| Data excerpt |
>>>>>
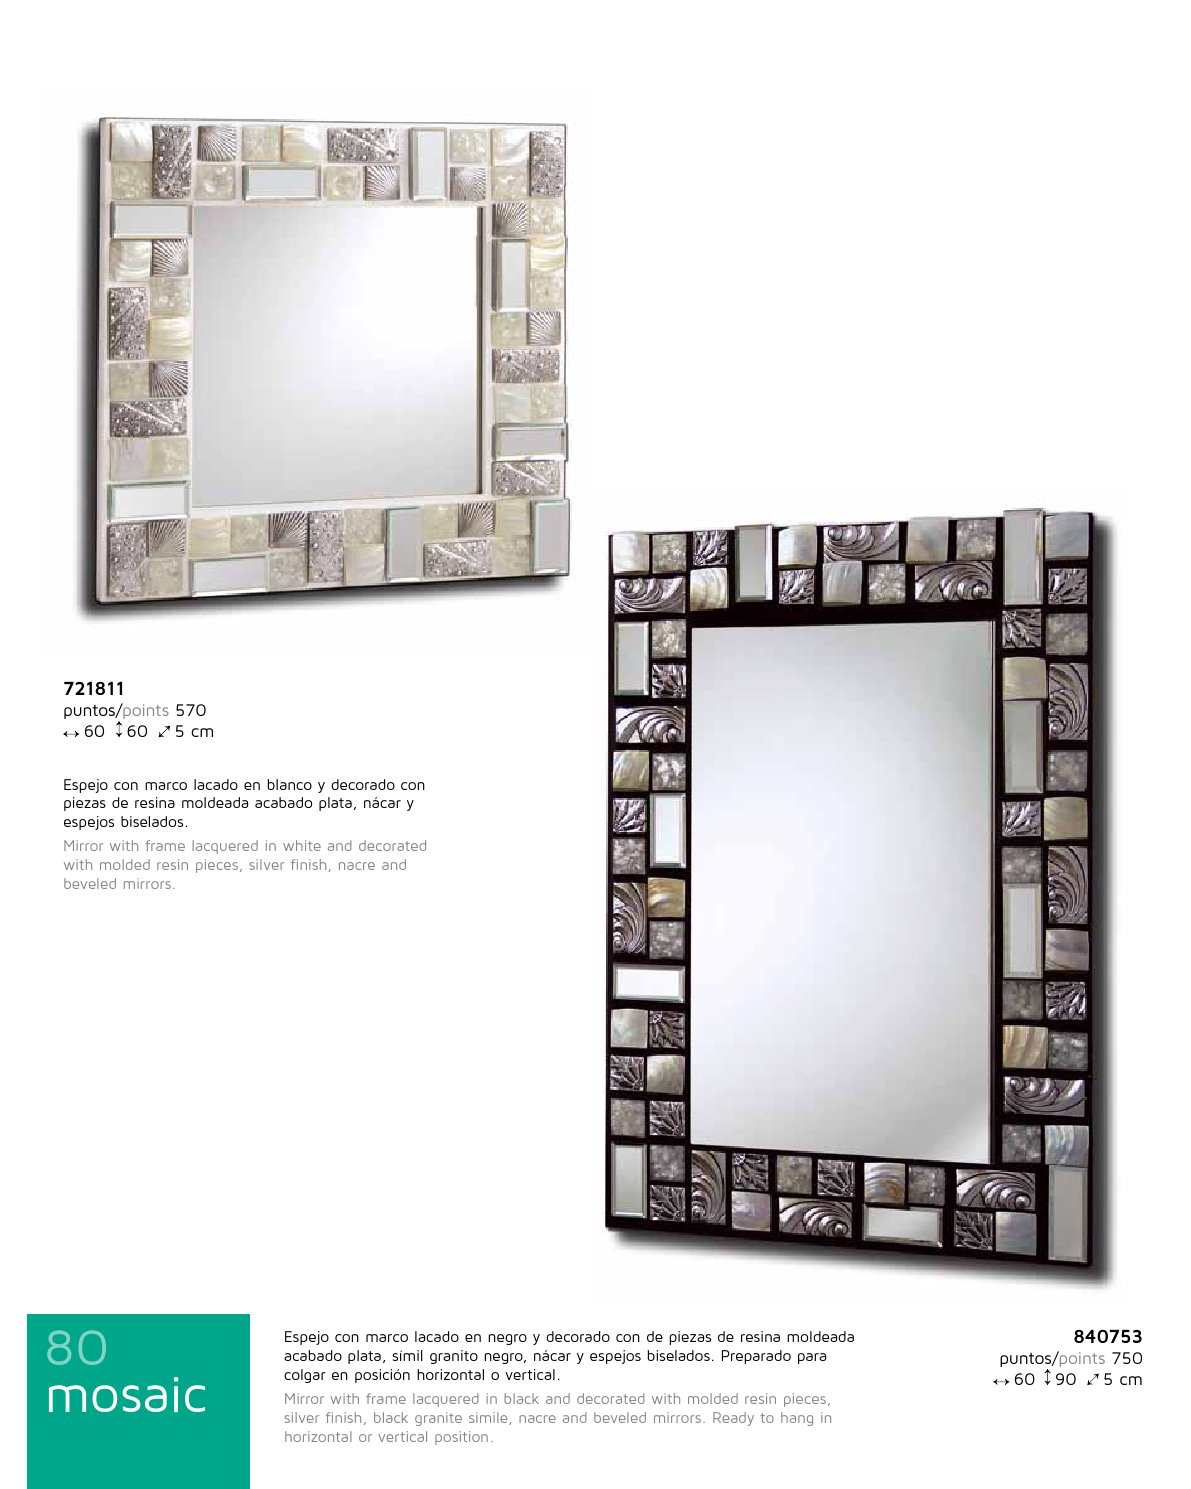 miroir 120x80. Black Bedroom Furniture Sets. Home Design Ideas
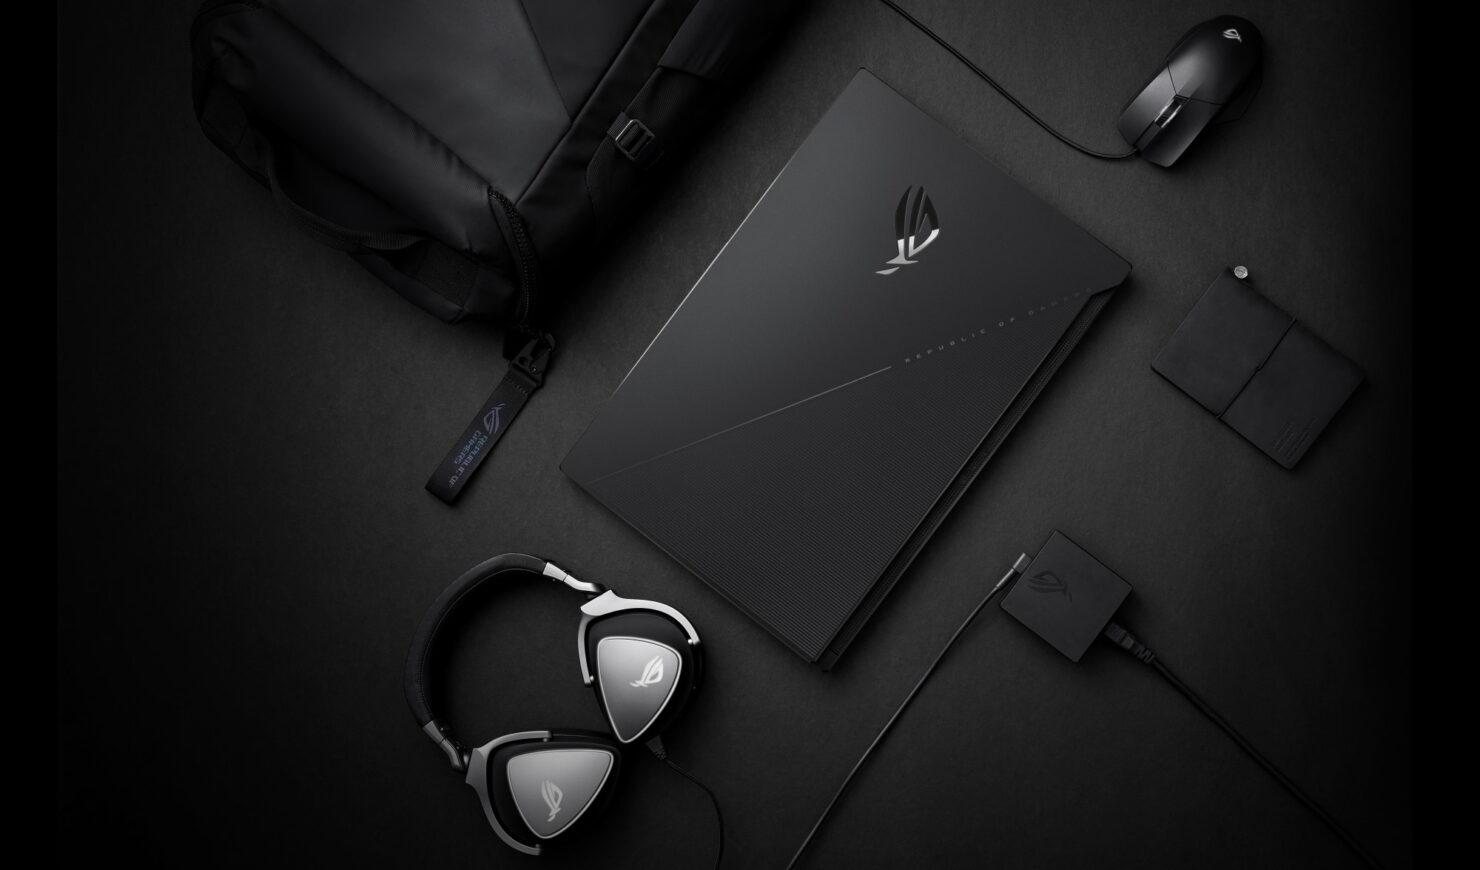 asus-rog-zephyrus-s17-gaming-laptop-_2
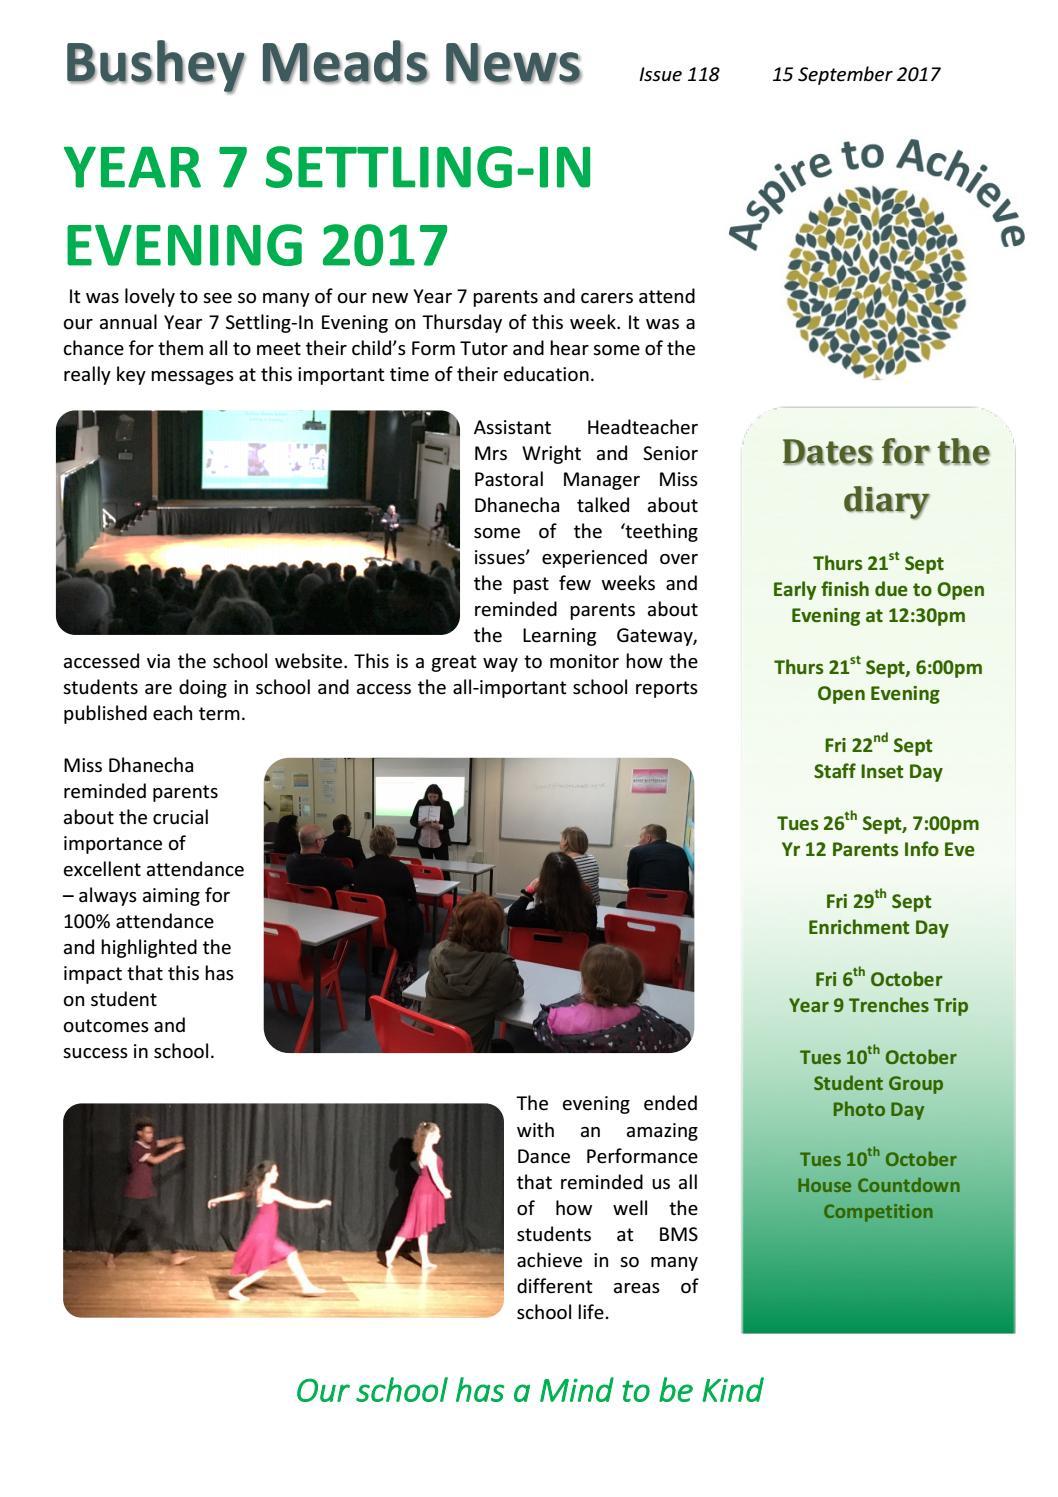 bushey meads news 15 september 2017 by bushey meads school issuu
<<<<<
| Work to be completed |
The answer is the full listing above, reproduced character for character, minus its images.

| Answer section |
 miroir 120x80. Black Bedroom Furniture Sets. Home Design Ideas
 asus-rog-zephyrus-s17-gaming-laptop-_2
 bushey meads news 15 september 2017 by bushey meads school issuu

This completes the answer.